How and When to Harvest Butternut Squash


Butternut squash (Cucurbita Moschata) is a winter squash known for its sweet and nutty flavour just like a pumpkin. It is also known as butternut pumpkin or gramma in Australia and New Zealand. It has tan-yellow skin and orange flesh with seeds inside the skin.

Apart from being tasty, it is healthy too. It contains a lot of vitamins, minerals, fibre, and antioxidants. It is a good source of provitamin A carotenoids, vitamin C, B vitamins, magnesium, potassium, and manganese. The minerals like iron, niacin, potassium, and beta carotene, found in the fruit, convert to Vitamin A in the body.

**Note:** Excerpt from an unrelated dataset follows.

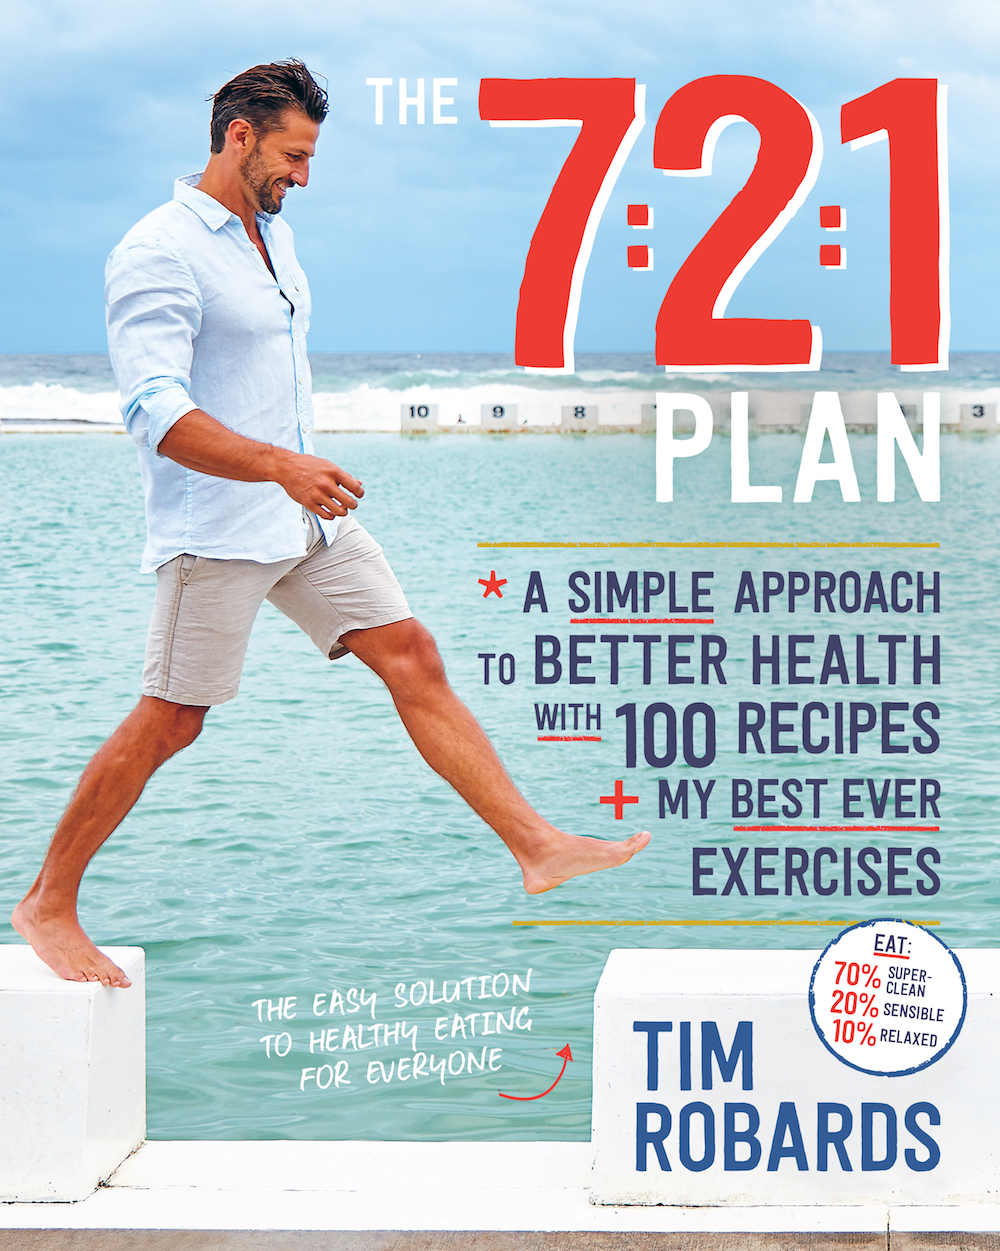 See Need Want Eat Recipe Tim Robards Diet Plan

It is low in calories having a high fibre content making it a portion of ideal diet food.

Despite being a fruit, people generally use it as a vegetable for culinary purposes in dishes ranging from soups to pies. People around the world use it in both sweet and salty recipes owing to its unique flavour.

It is possible to store butternut squash harvest throughout the winter and spring without canning or freezing. But for this, you should properly harvest and store them. So, let us find the answers to two important questions while harvesting the crop.

  1. When to Harvest Butternut Squash
  2. How to Harvest Butternut Squash




Apart from the procedure, timings also play a crucial role in determining the quality of the harvest. It is very important to know about the right time to harvest a crop. In the case of Butternut Squash too, it is crucial to know how to determine the correct time to harvest.

So, let us look at the various maturity signs, right time, and the weather for harvesting Butternut Squash.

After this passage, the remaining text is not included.